Irish Distillers, the folks who make Jameson, have been ahead of the curve on wood research, and it’s not surprising that they came to the virgin oak process early on. Aging their sweet spirit in unused bourbon-type barrels – what they call “BB-0”, to indicate ‘Bourbon Barrel, used zero times’ – gives it a firm foundation of vanilla and coconut characteristics to support the usual fruitiness of the whiskey.

It’s a trick they use in both the Jameson Gold blend and the single pot still Barry Crockett Legacy, but as part of the blend of barrels going into the whiskey, not all. Master distiller Billy Leighton notes that the new oak provides hints of spicy new wood, toasted oak, and vanilla that intertwine with the contributions of the other casks. The Jameson Whiskey Makers series also features a new oak entry, the Cooper’s Croze, a project of their renowned head cooper, Ger Buckley. It blends new oak aging with conventional ex-bourbon and ex-sherry wood.

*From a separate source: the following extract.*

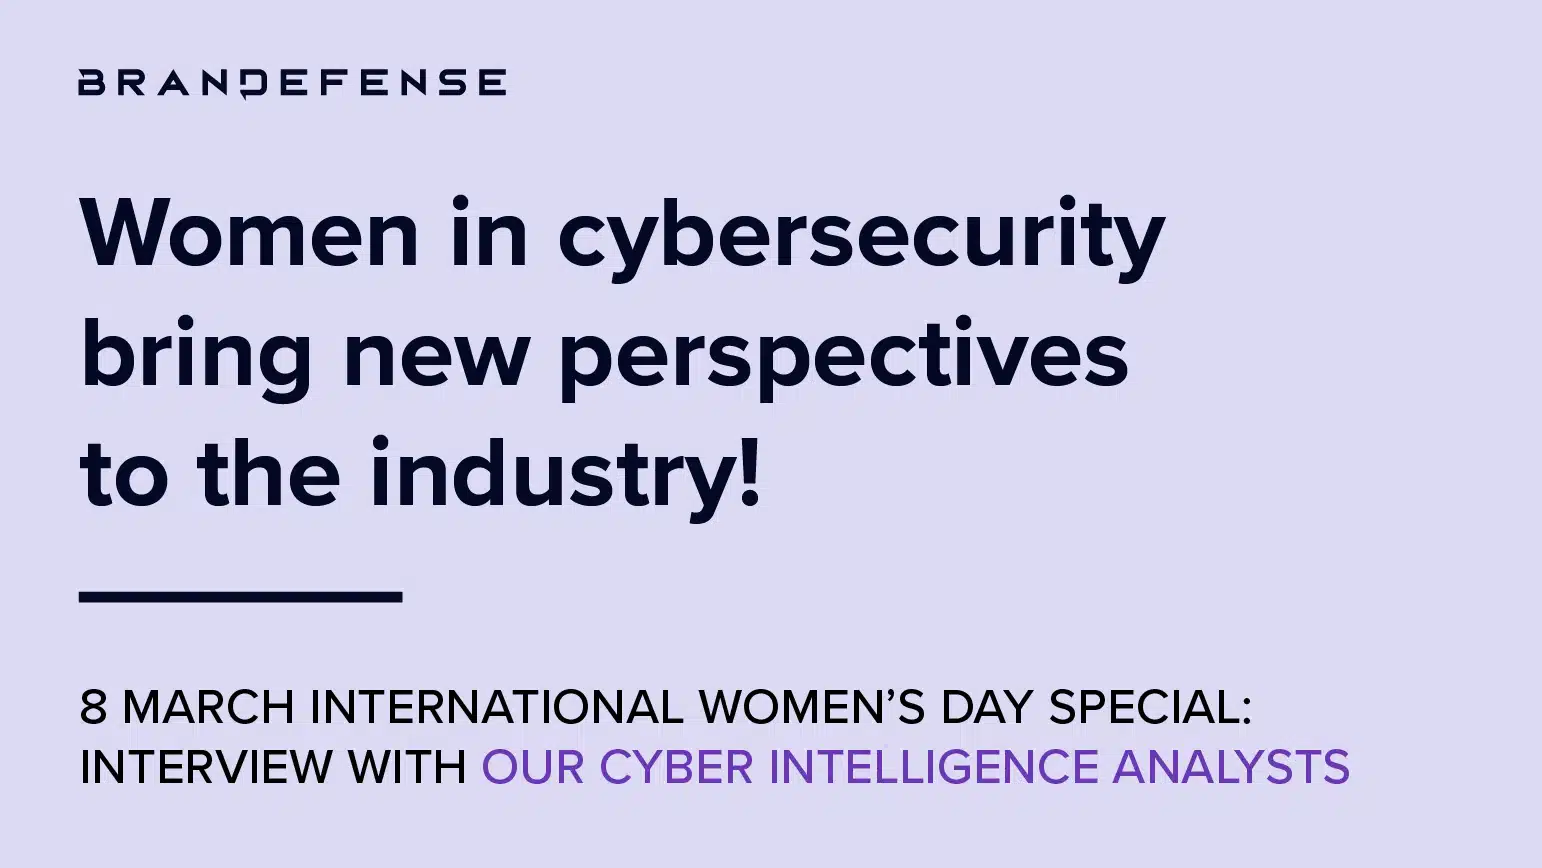 Women in cybersecurity bring new perspectives to the industry!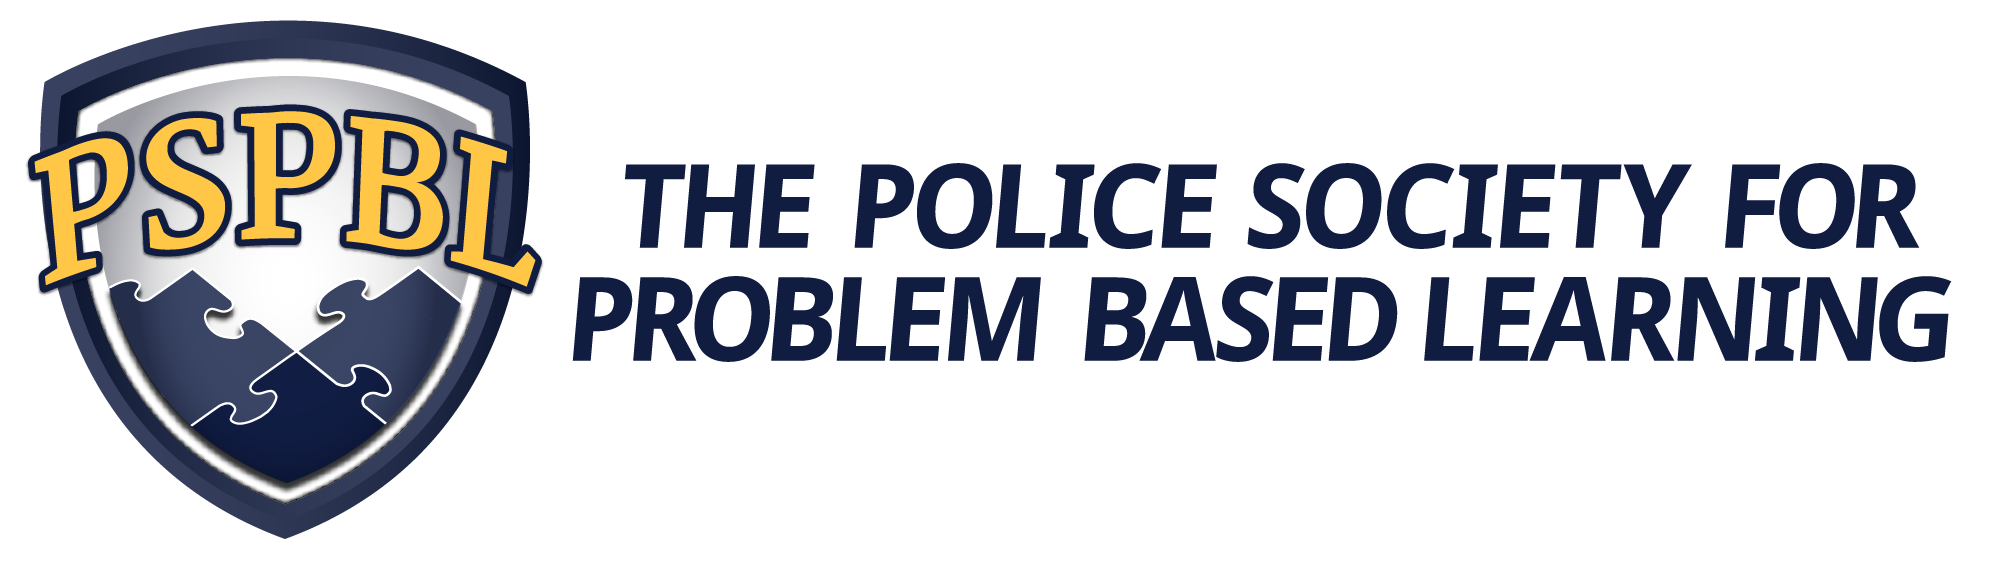 The Police Society for Problem Based Learning

And yes, Scotch whisky’s doing it too, even as mainstream a name as Glenfiddich. Malt master Brian Kinsman has put together the 14 year old Bourbon Barrel Reserve, a whisky aged 14 years in ex-bourbon casks, then finished in “deep charred new American oak barrels.” The finish yields richly sweet toffee with notes of wood spice and yes, vanilla.

Which brings up the concerns over this practice: does it make every whiskey taste too much the same; i.e., like vanilla? And is new oak, which helps age bourbon so much faster than Scotch, being used mainly to speed the aging of whisky in an industry that’s almost desperately short of well-aged stock?

These are valid concerns, especially as some whisky watchers are wondering if the general trend of Scotch is toward a popular middle. The rye finish would seem to steer clear of that issue (though many purists still decry the whole idea of “finishing” whisky), but the use of virgin American oak does put an emphasis on the development of wood character over distillery character.

The best way to guard against this, of course, is to drink widely, purchase accordingly, and speak up. Whisky companies have proved that they’re listening by giving us more different bottlings, so let’s see if they’re willing to listen on this topic.